# Your objective:
Would you retype exactly the lines below, starting with the one that has "The Colosseum online puzzle" and going on through the one that has "Dino Pet from BioPop", with no pictures and nothing else?

# Supplied material:
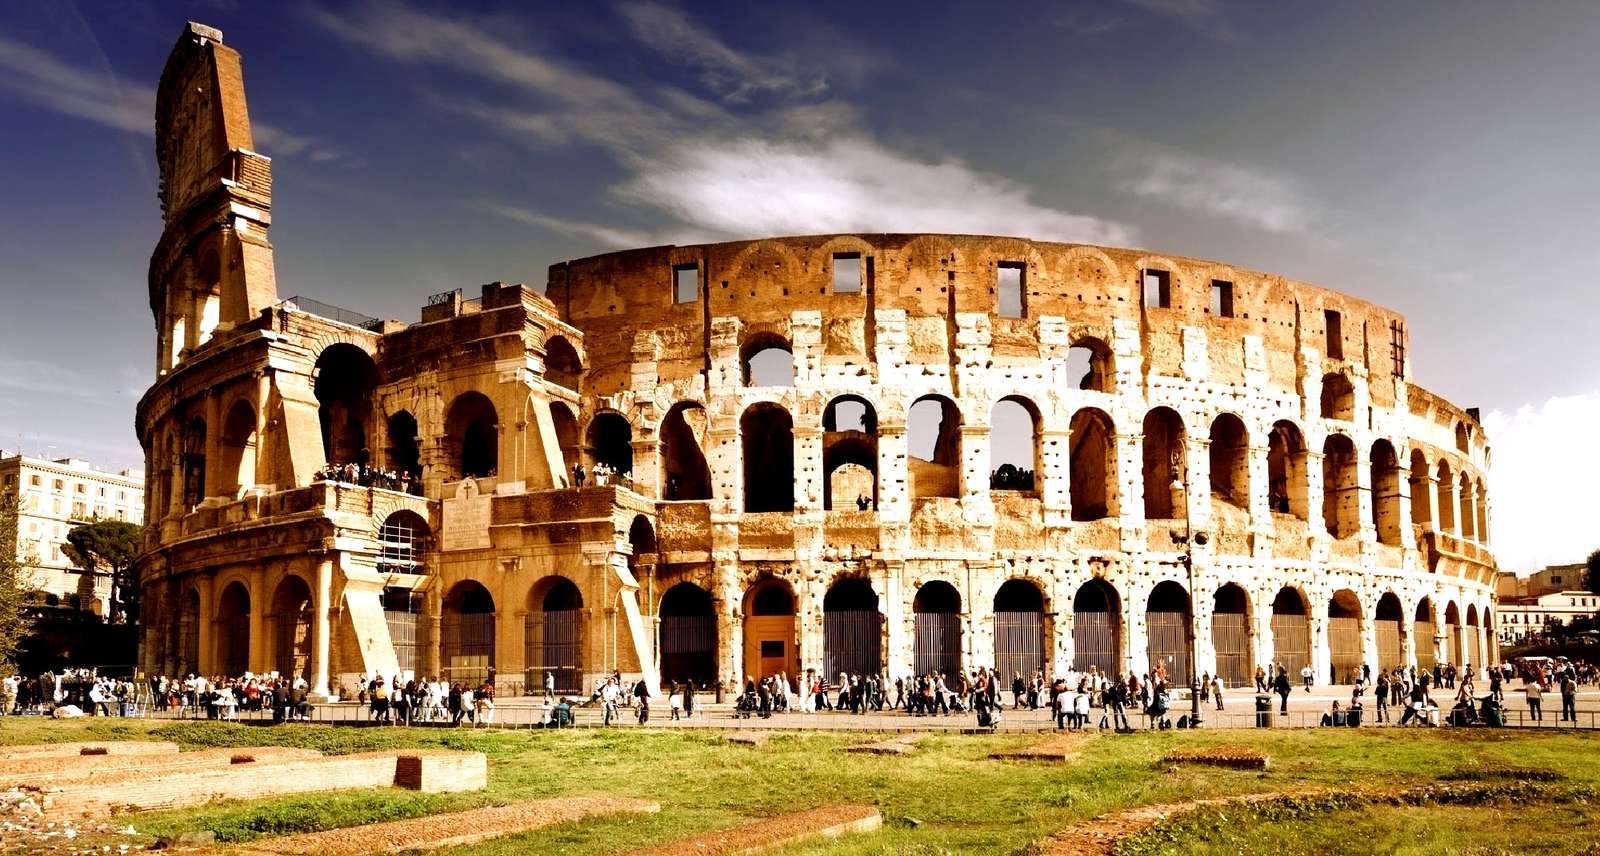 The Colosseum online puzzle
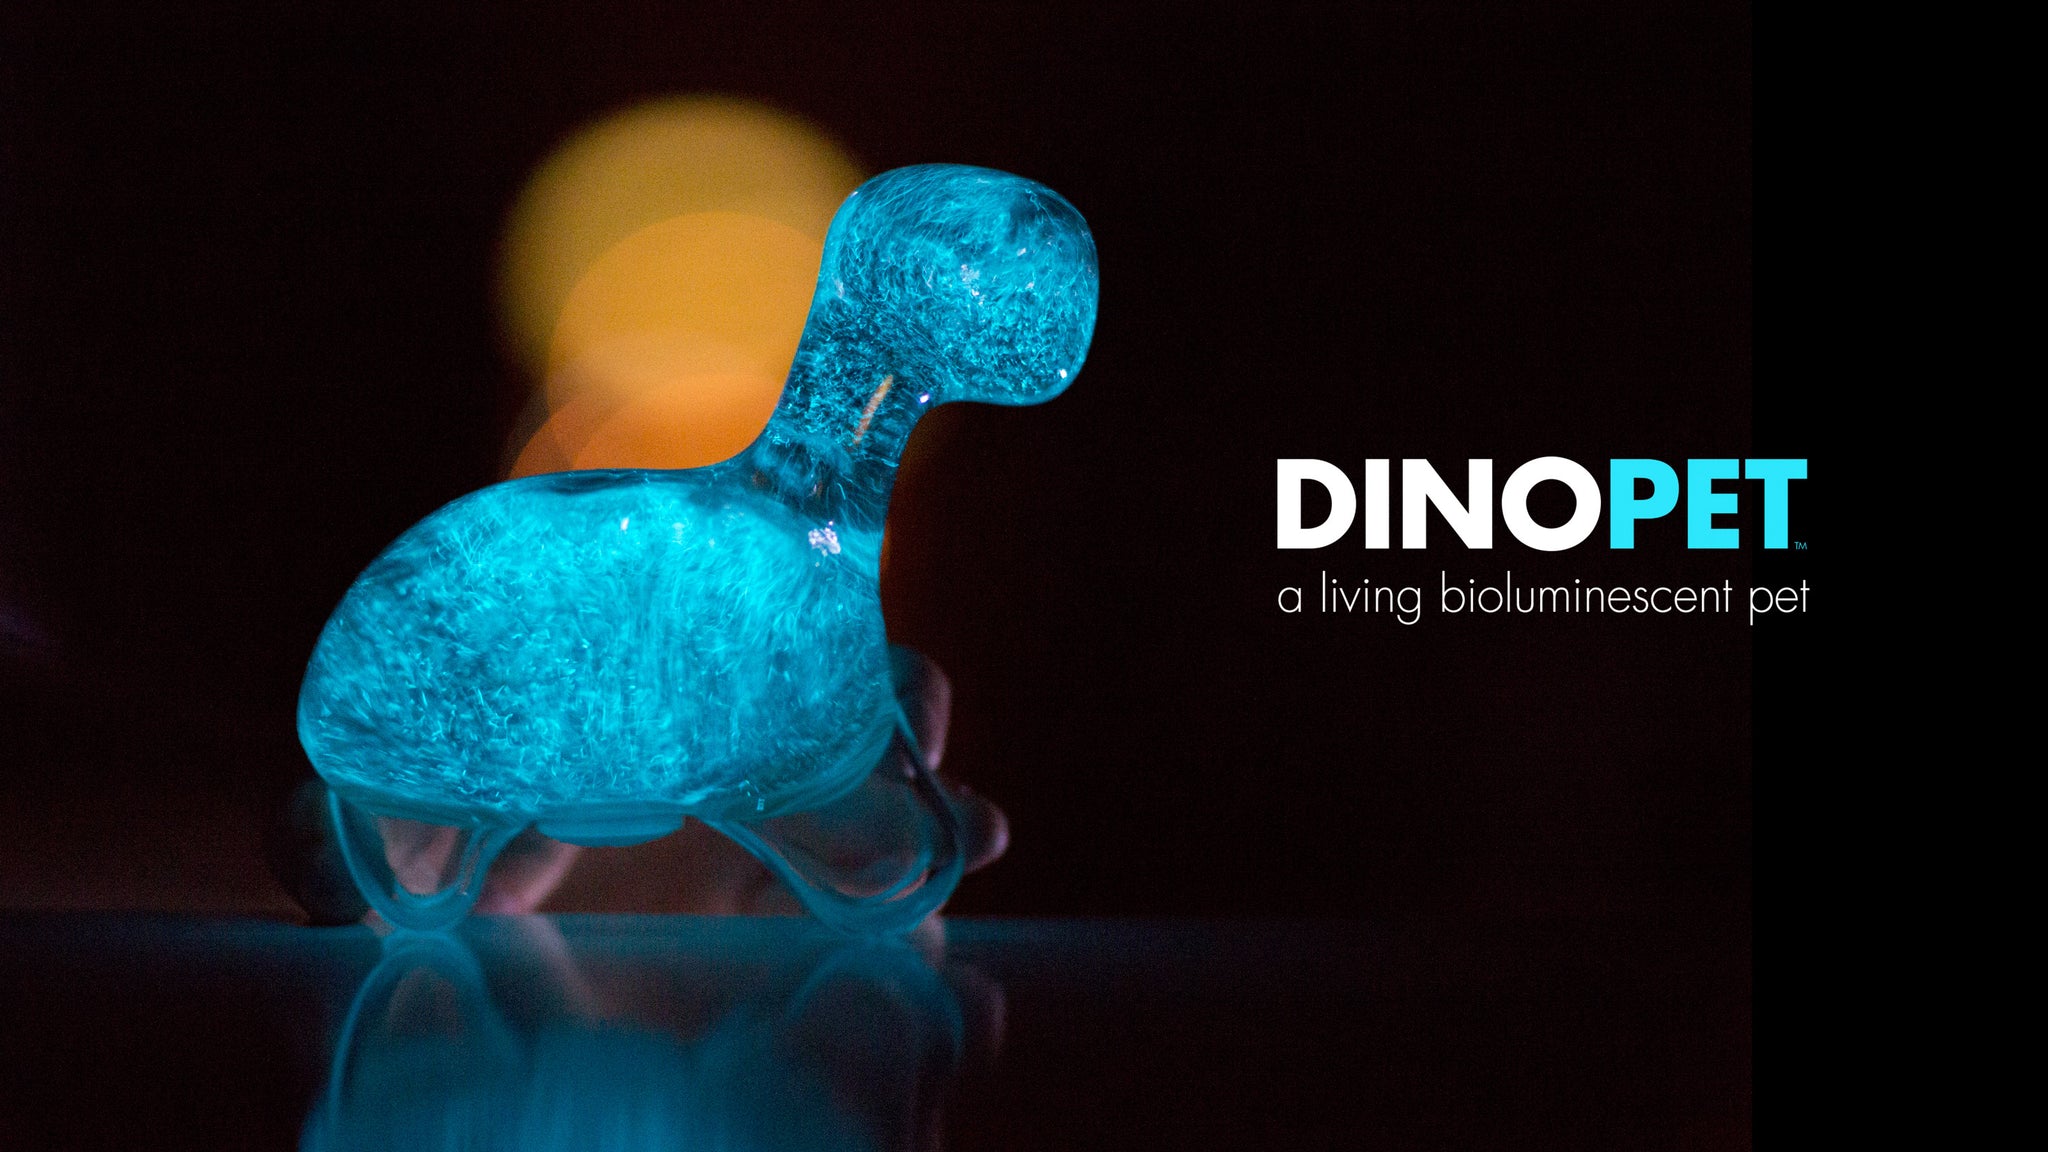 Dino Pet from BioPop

* * *

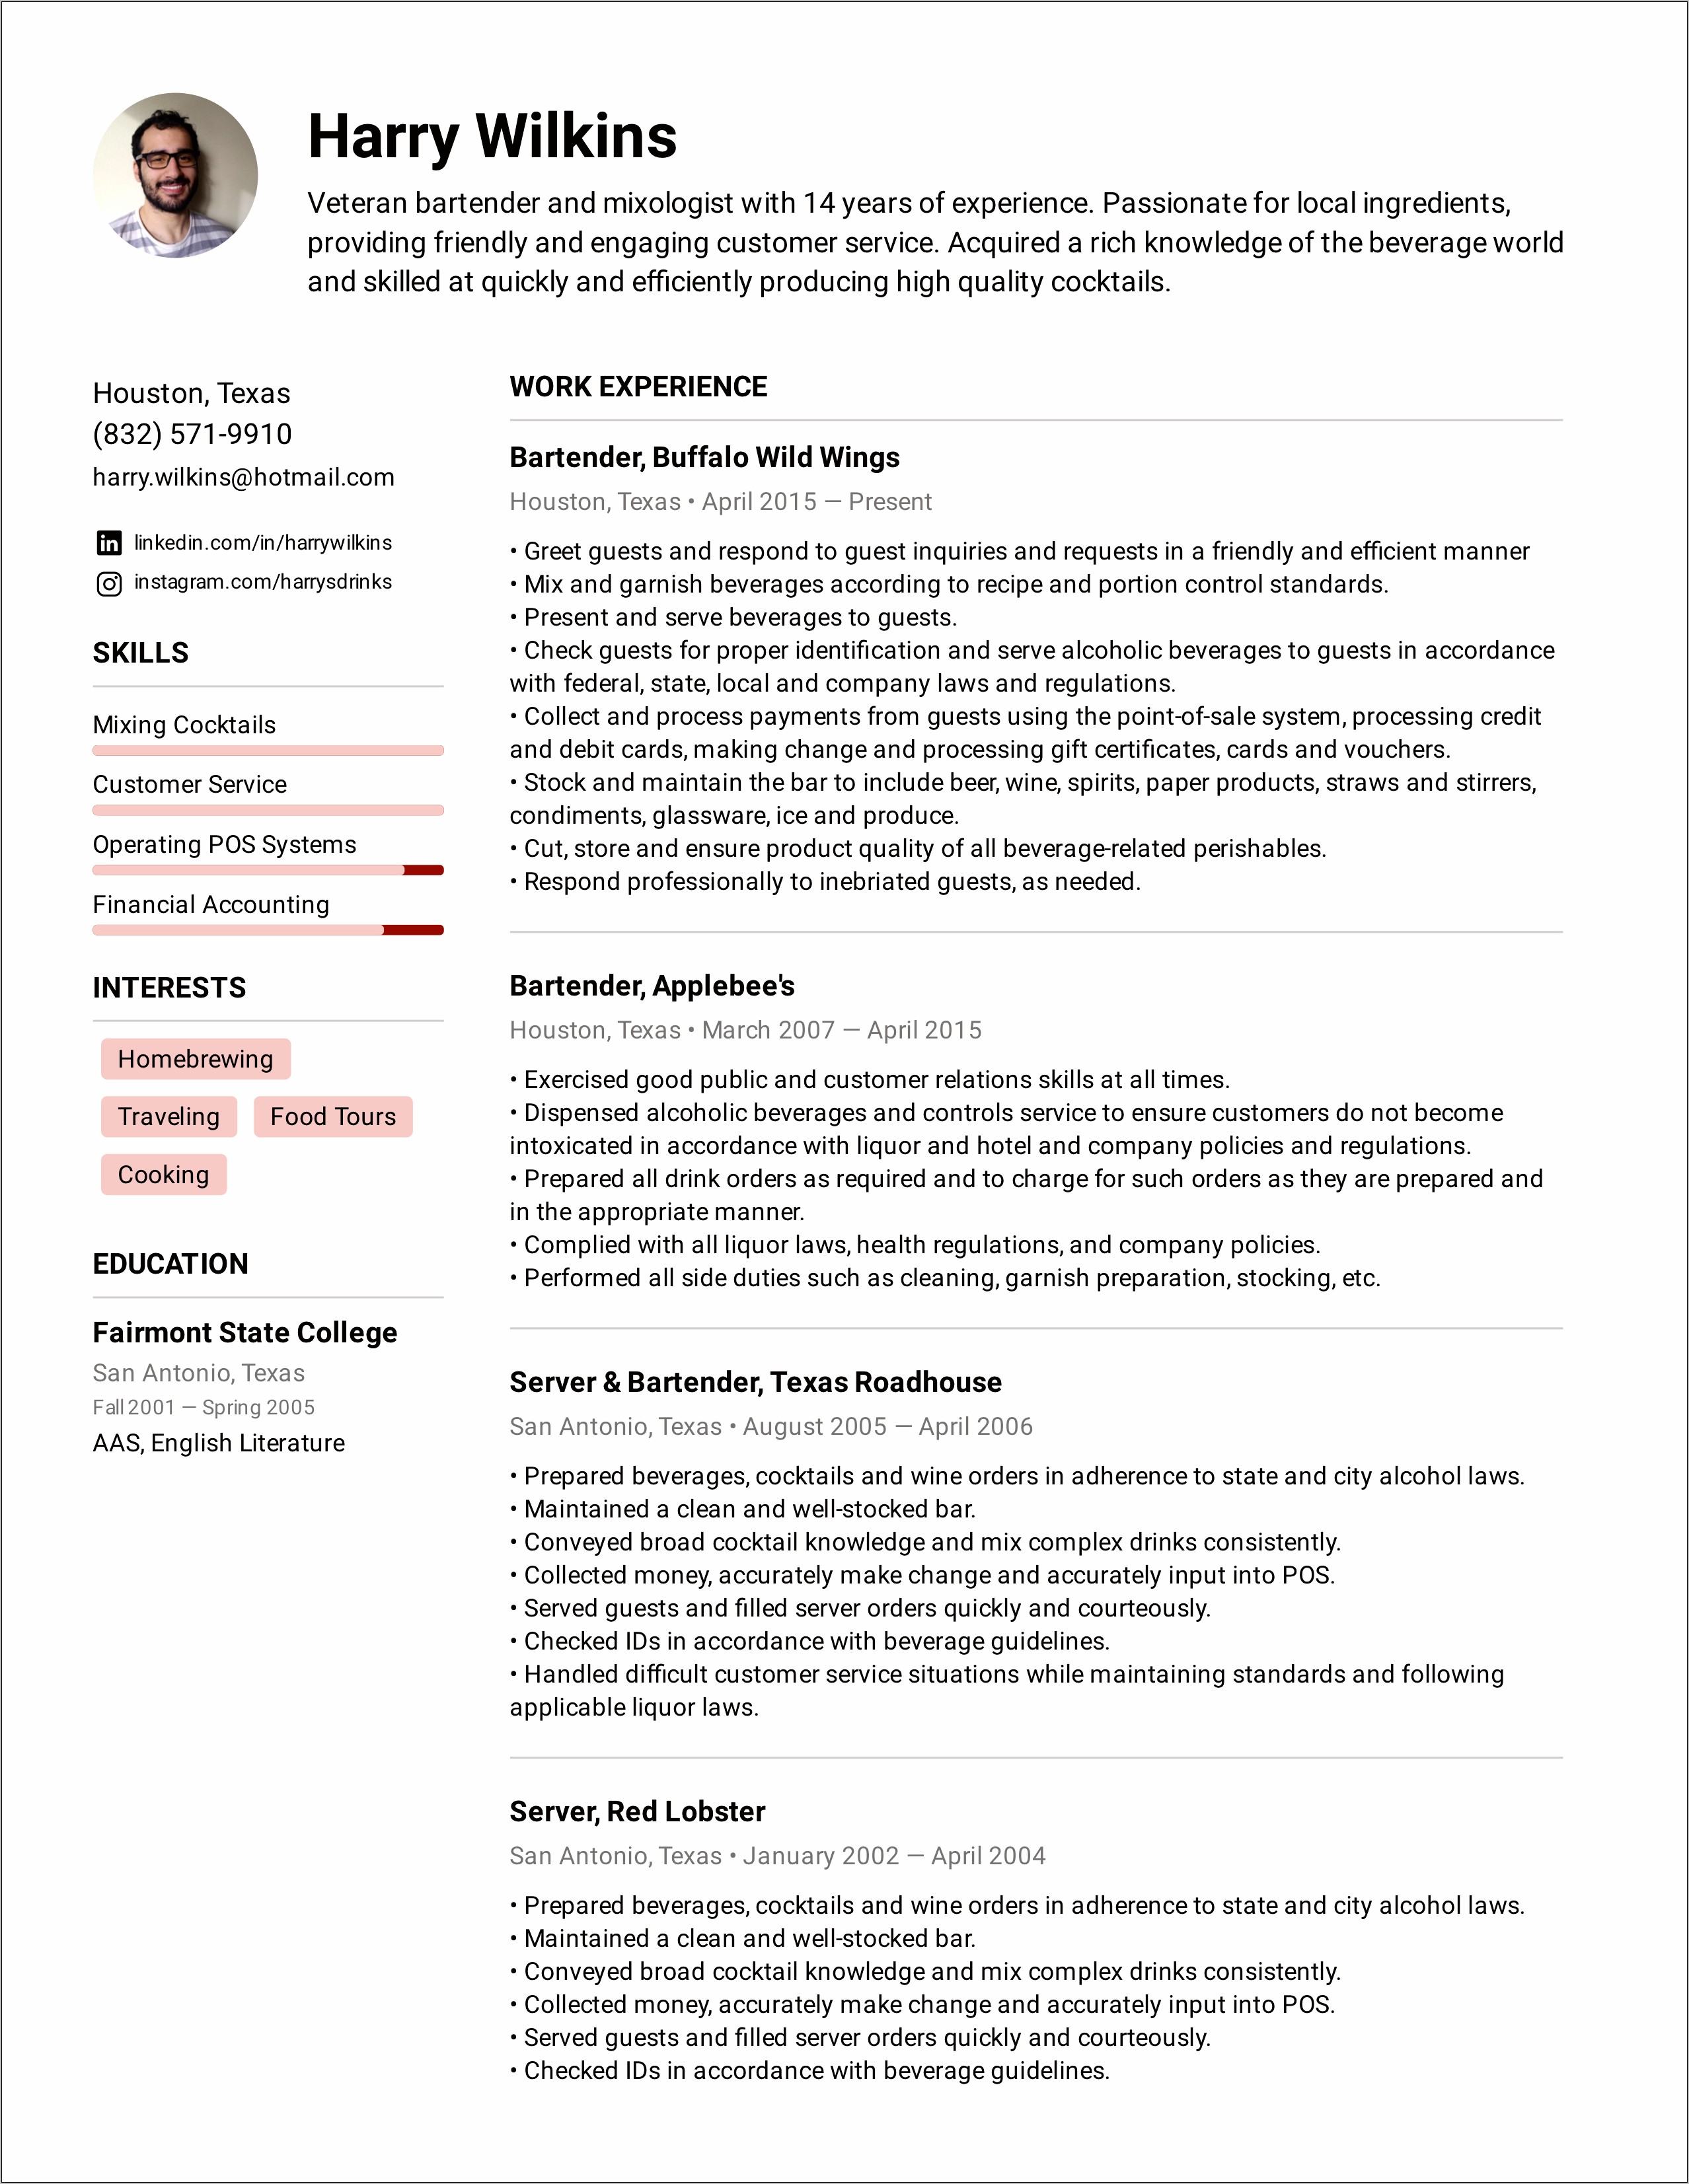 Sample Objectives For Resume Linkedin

# Answer section:
 The Colosseum online puzzle
 Dino Pet from BioPop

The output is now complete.